On to the 45-minute opera Simoon (on the Delphian label). The composer is Erik Chisholm (1904-65), a Scot I repeatedly misidentified as a Dane. Apologies. The Simoon, it seems, is a dry, dusty wind that barrels through from the Sahara across the Arabian Peninsula and on to Syria. The title evidently points to the setting and atmosphere of the action, taken from a playlet by Strindberg, gloomiest of dramatists. We excerpted the final scene, a scant four minutes, yet enough to convey a somber, barbaric splendor, punctuated by bells that strike like blows of destiny.

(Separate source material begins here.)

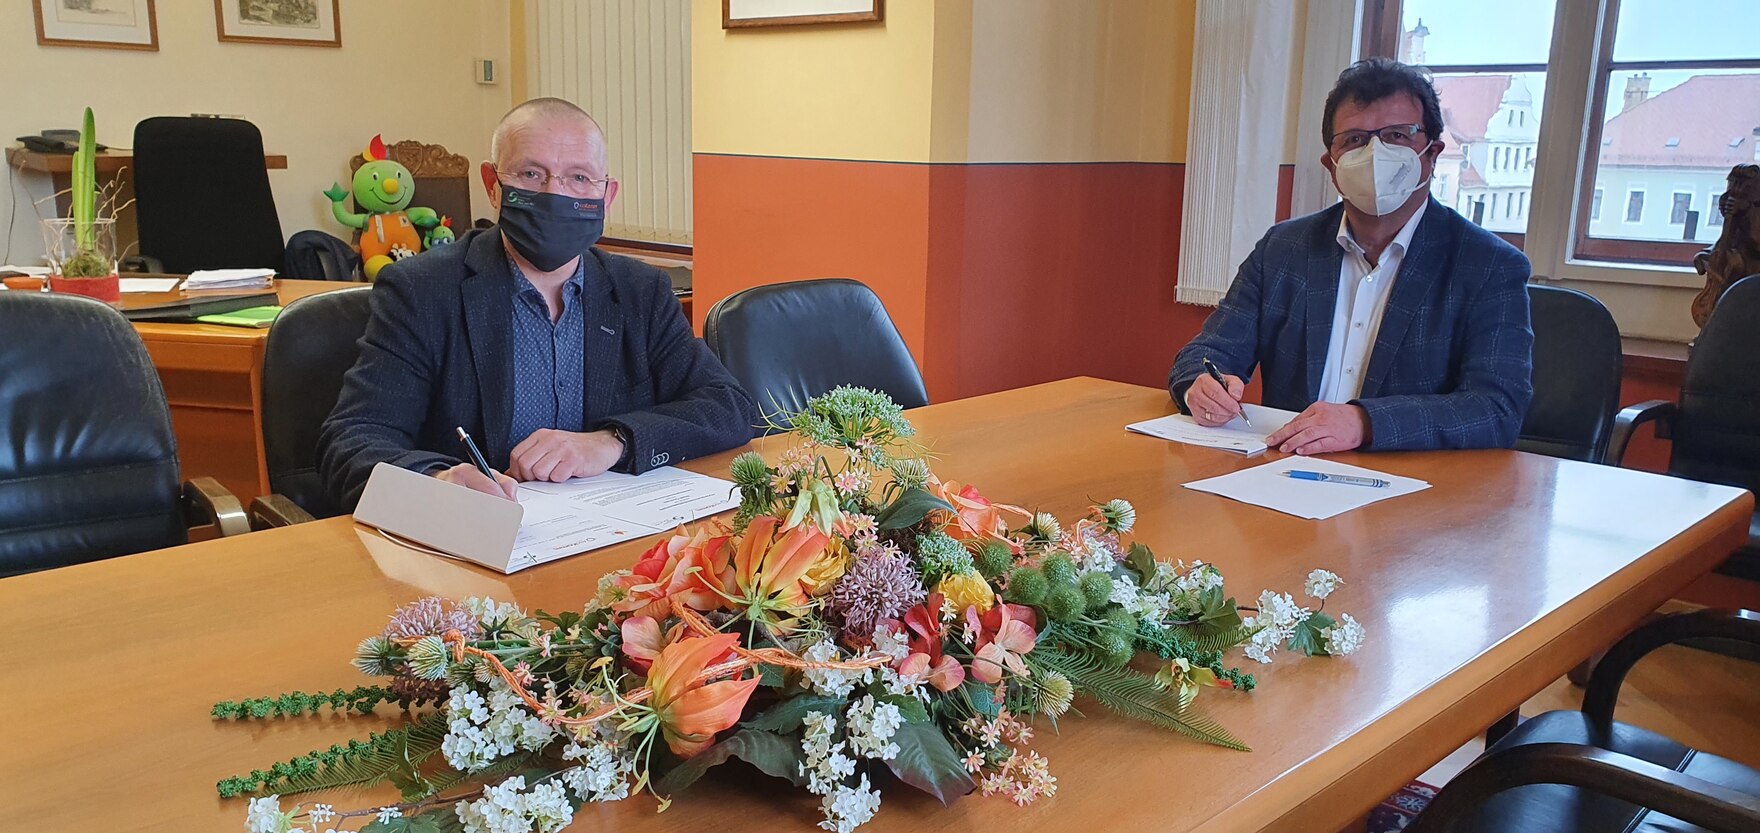 Der Bürgermeister der Stadt Oschatz und der Vertreter des Landespräventionsrates sitzen am Tisch und unterzeichnen jeweils die Kooperationsvereinbarung. Auf dem Tisch liegt ein Blumengesteck.

Concertos for Orchestra (on Fanfare Cincinnati) includes three multi-section symphonic frescoes, from each of which we plucked a movement to create our own little ad hoc concerto for orchestra, as follows:
I. Seeker's Scherzo—brisk and balletic—from Zhou Tian's Concerto for Orchestra;
II. Andante un poco rubato—multilayered, grave, and intensely dramatic—from Thierry Eschaich's Psalmos, sinfonia concertante pour orchestra;
III. Fifteen Variations of the Same Phrase—kaleidoscopic, colorful, brilliantly organized—from Sebastian Currier's FLEX.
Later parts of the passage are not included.